─── SUPPLIED ENTRIES

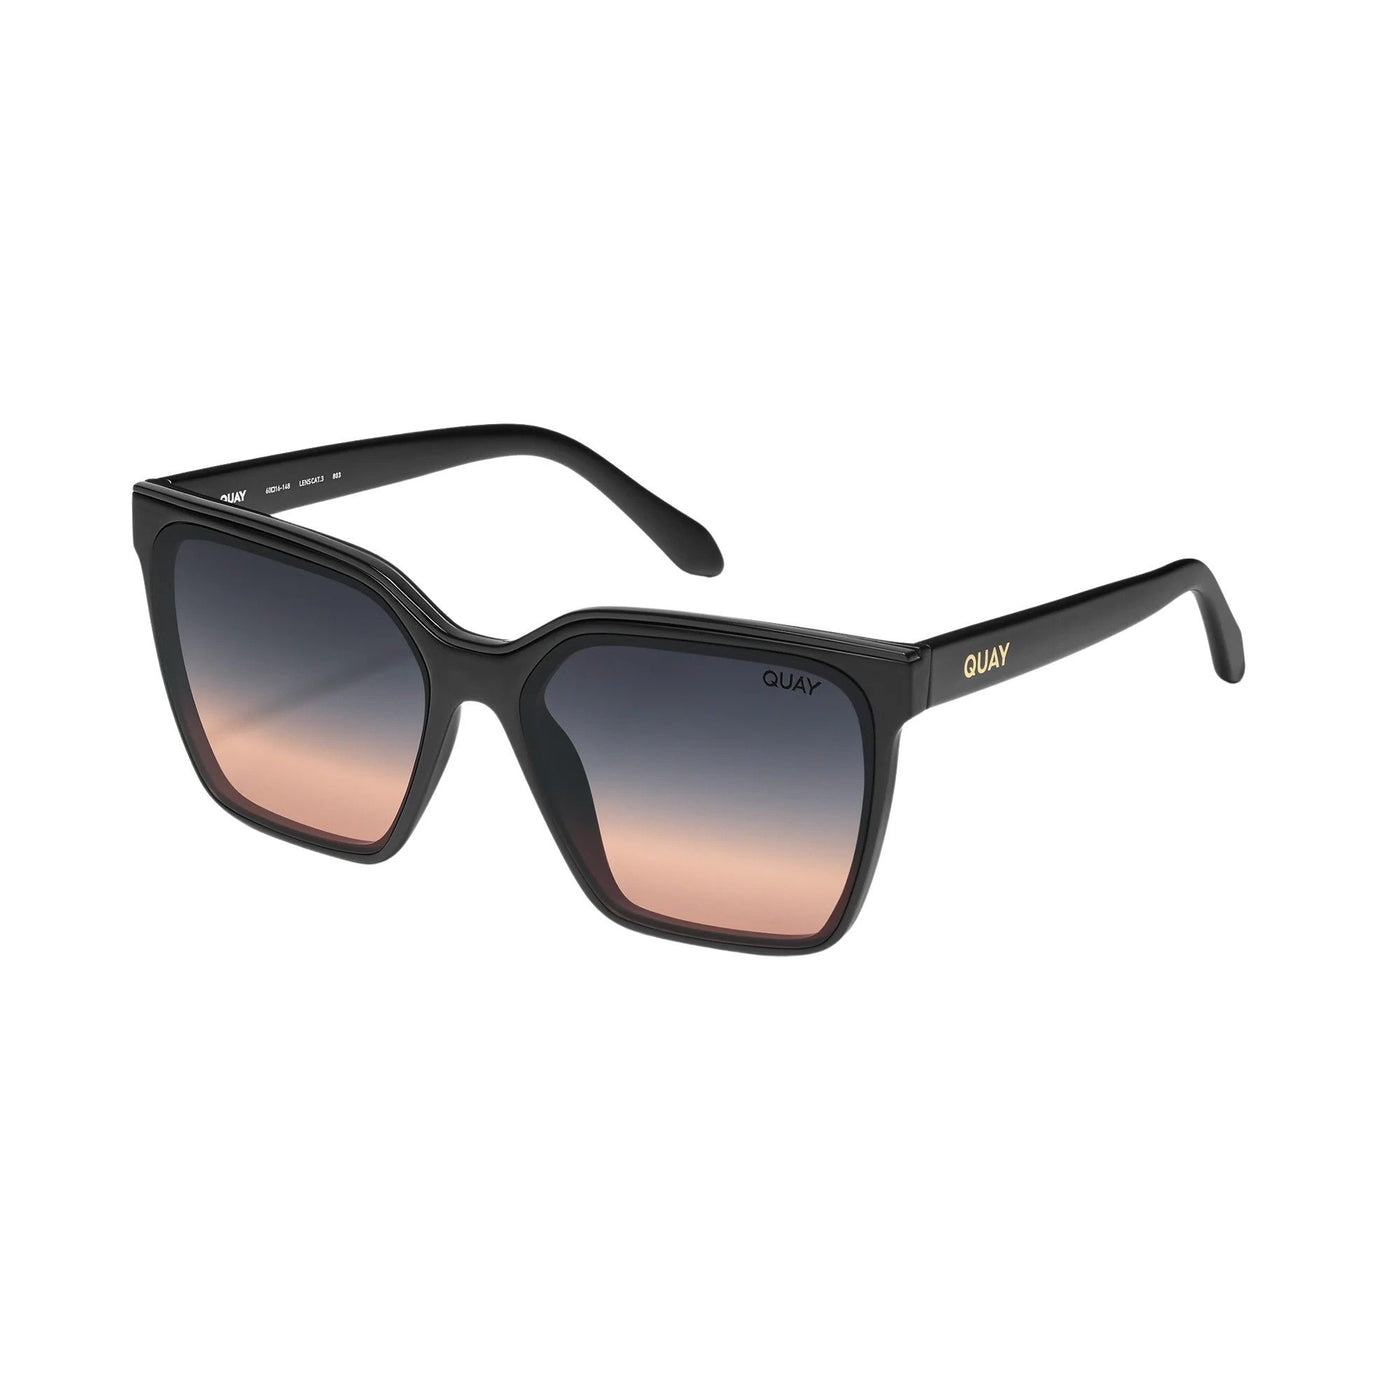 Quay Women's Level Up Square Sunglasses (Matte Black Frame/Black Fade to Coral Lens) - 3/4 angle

──────
─── SUPPLIED ENTRIES

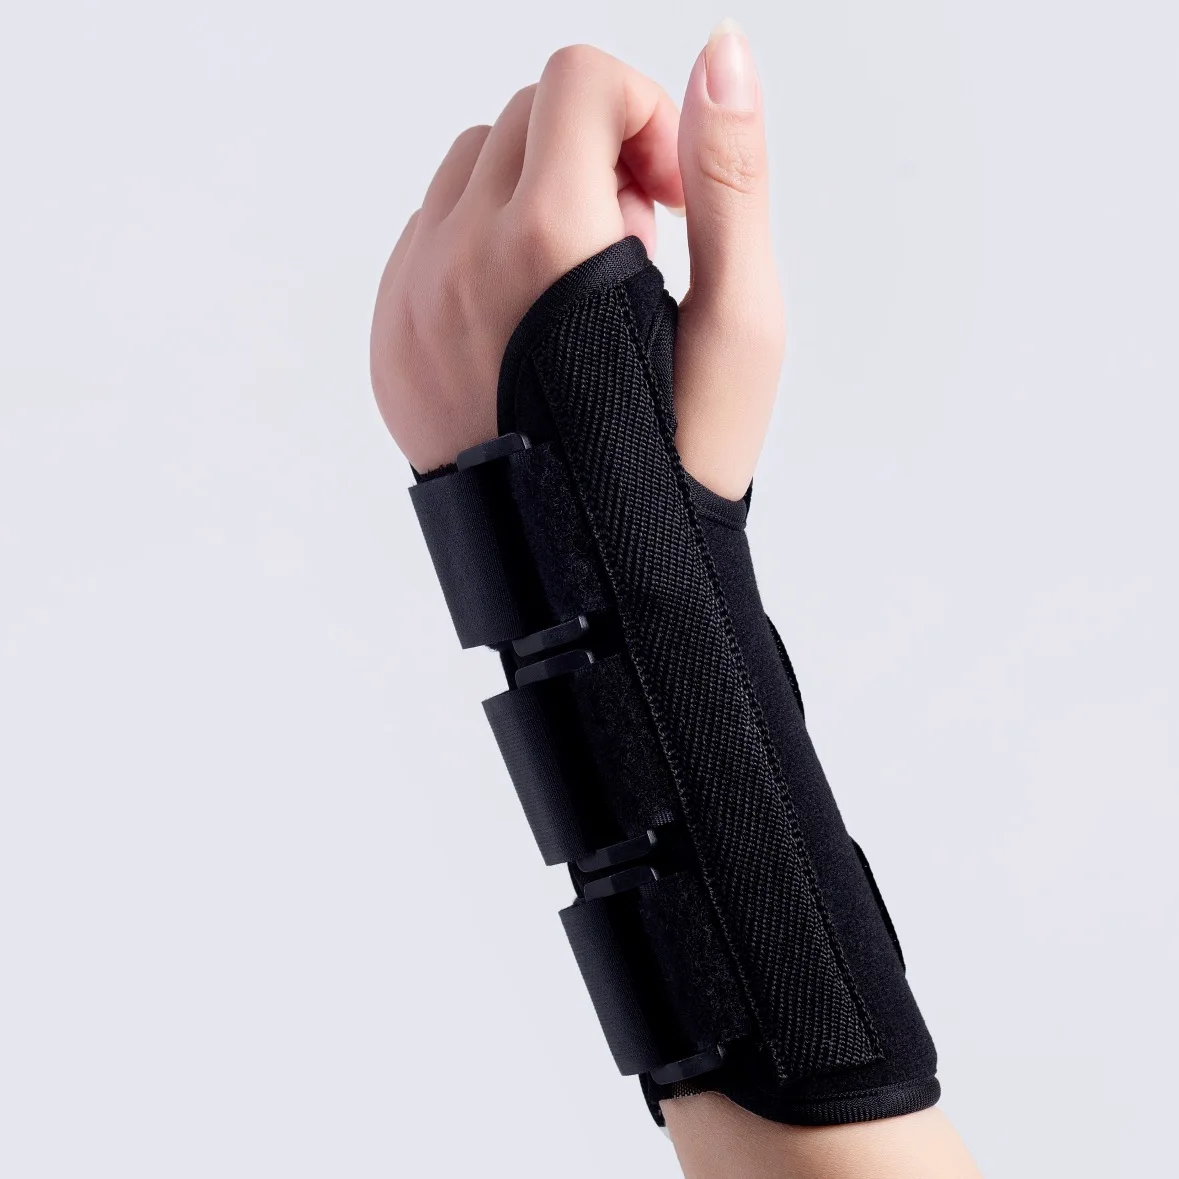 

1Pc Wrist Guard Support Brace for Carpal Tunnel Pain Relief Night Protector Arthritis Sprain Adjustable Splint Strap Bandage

──────
─── SUPPLIED ENTRIES

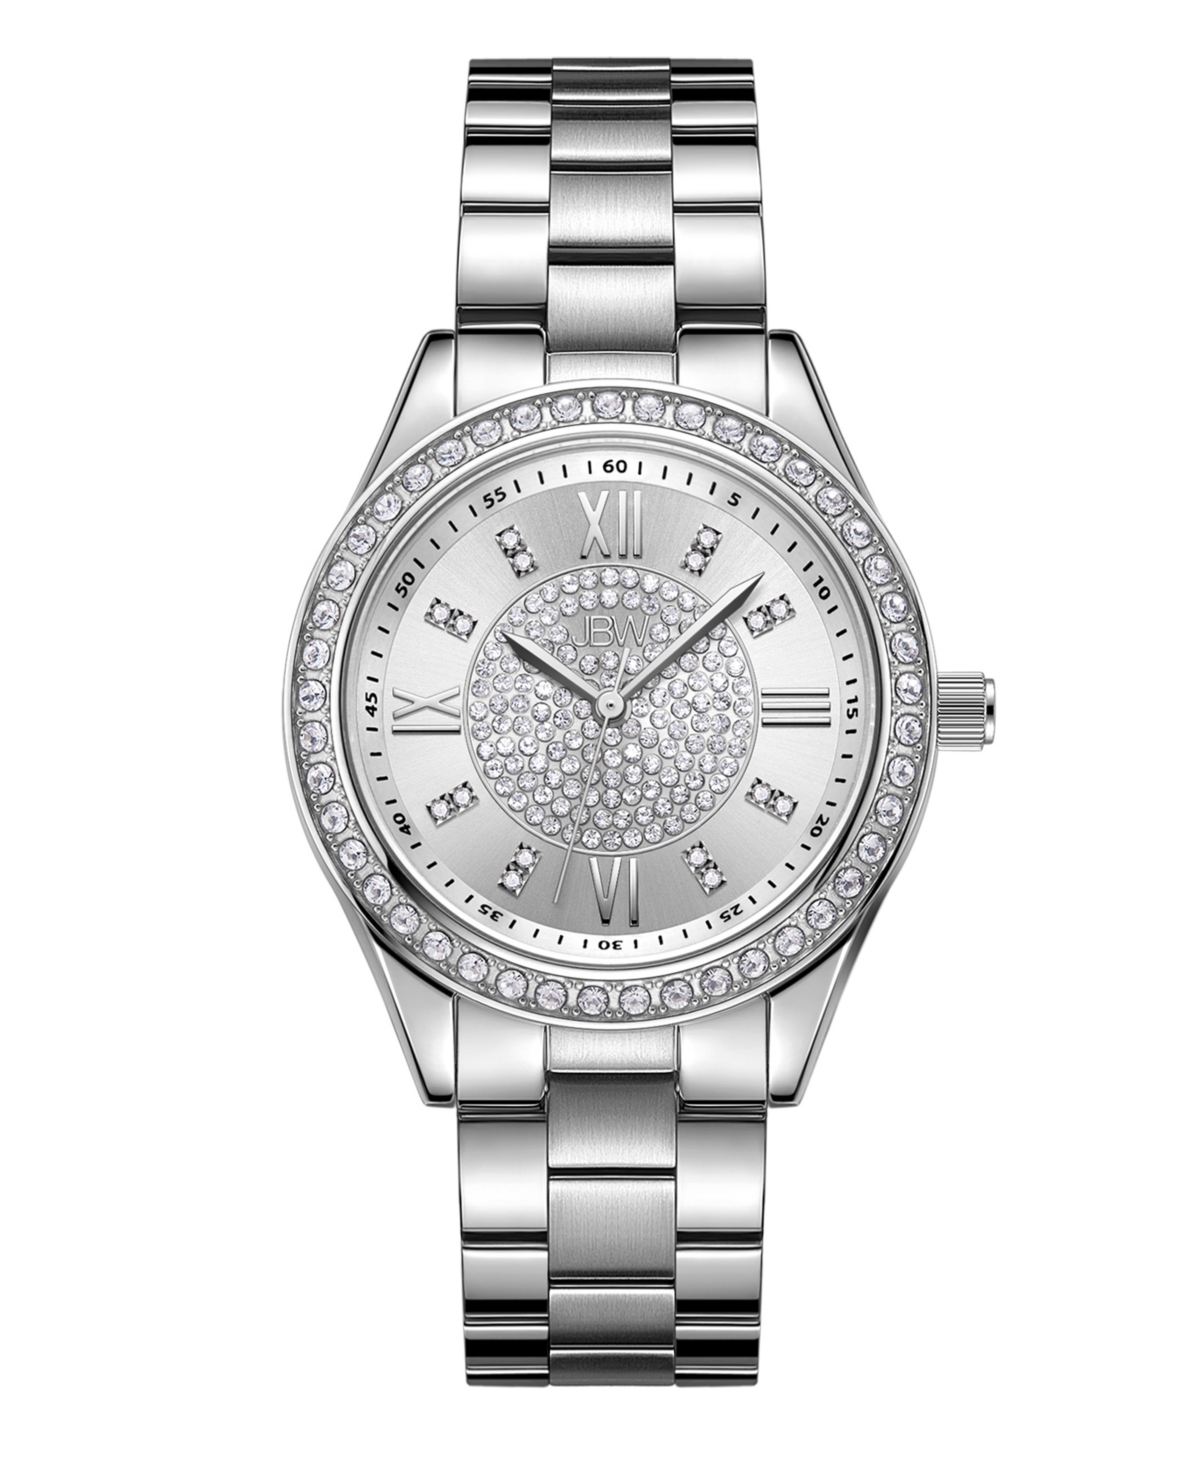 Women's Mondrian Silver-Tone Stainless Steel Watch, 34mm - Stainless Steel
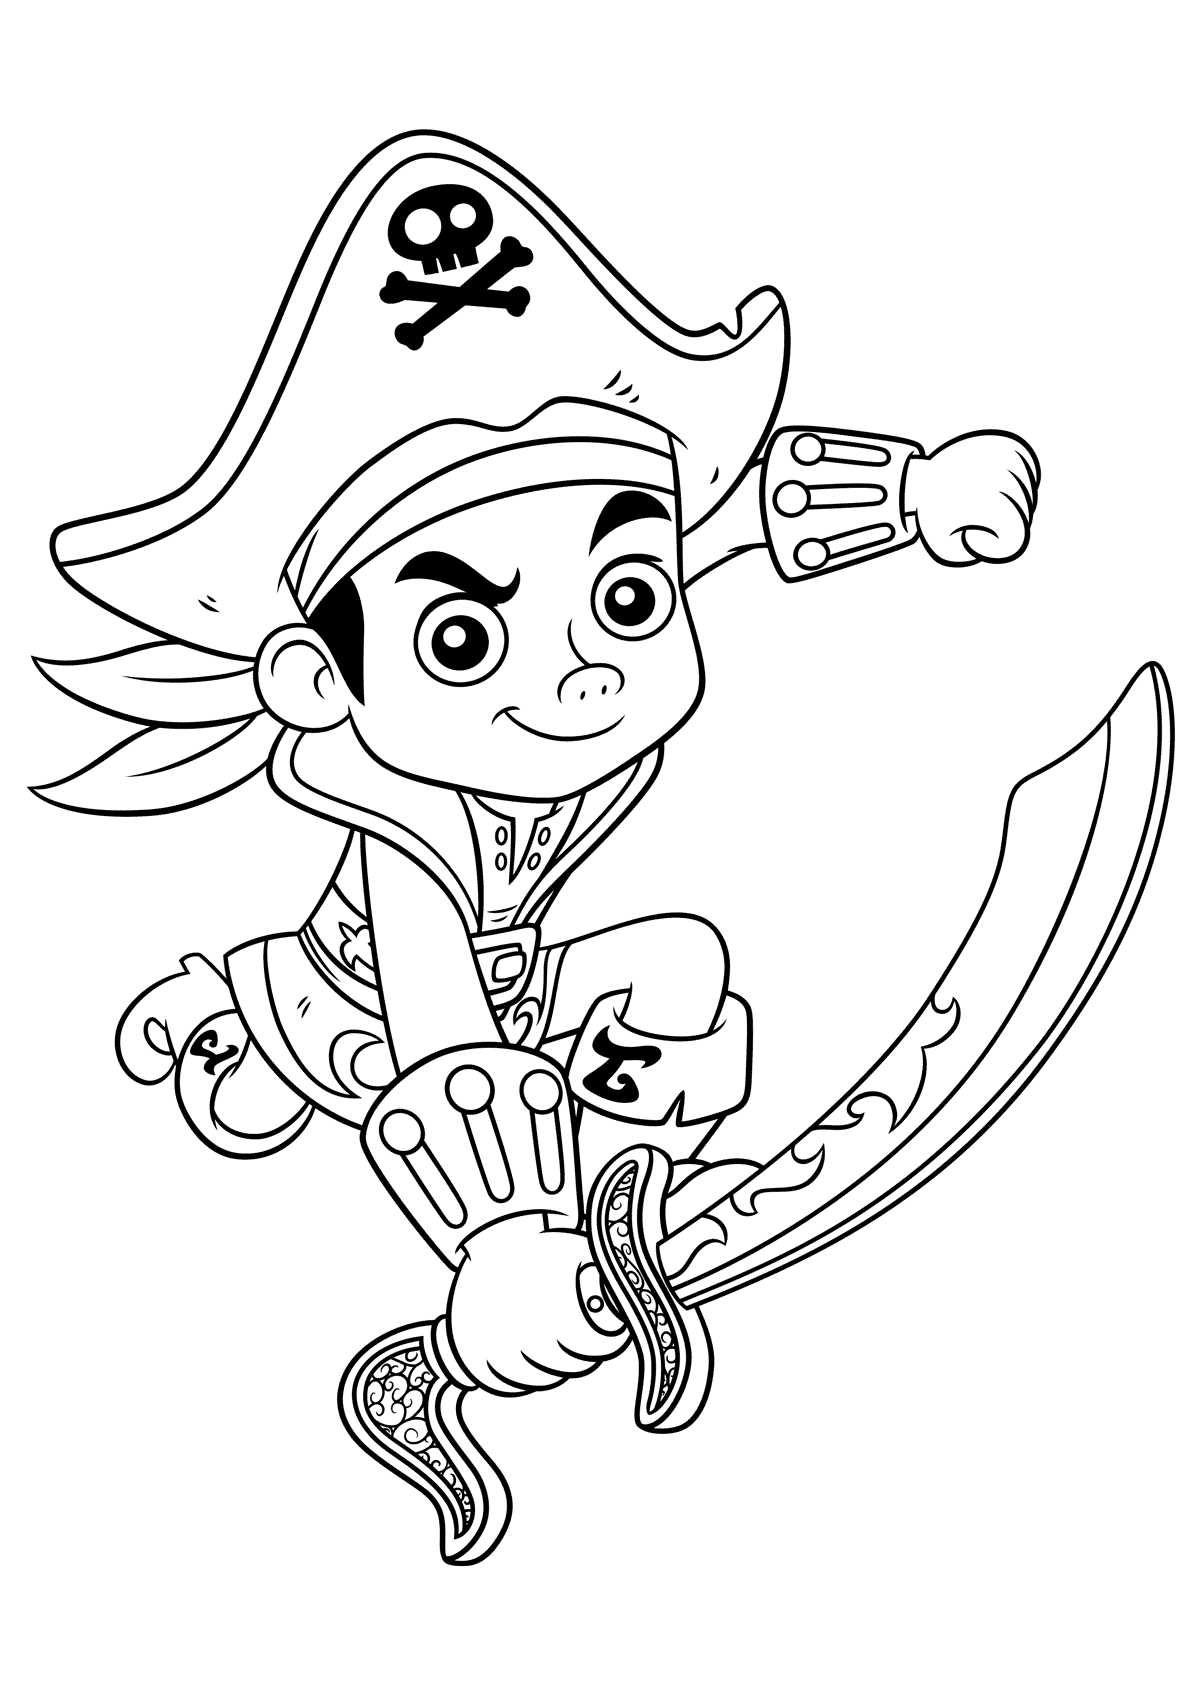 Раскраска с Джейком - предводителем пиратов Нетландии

──────

— WORK REQUEST —
Return only the stretch above from the line containing "Women's Mondrian Silver-Tone" through the line containing "Раскраска с Джейком", word for word and without pictures.

— PROBLEM SOLUTION —
 Women's Mondrian Silver-Tone Stainless Steel Watch, 34mm - Stainless Steel
 Раскраска с Джейком - предводителем пиратов Нетландии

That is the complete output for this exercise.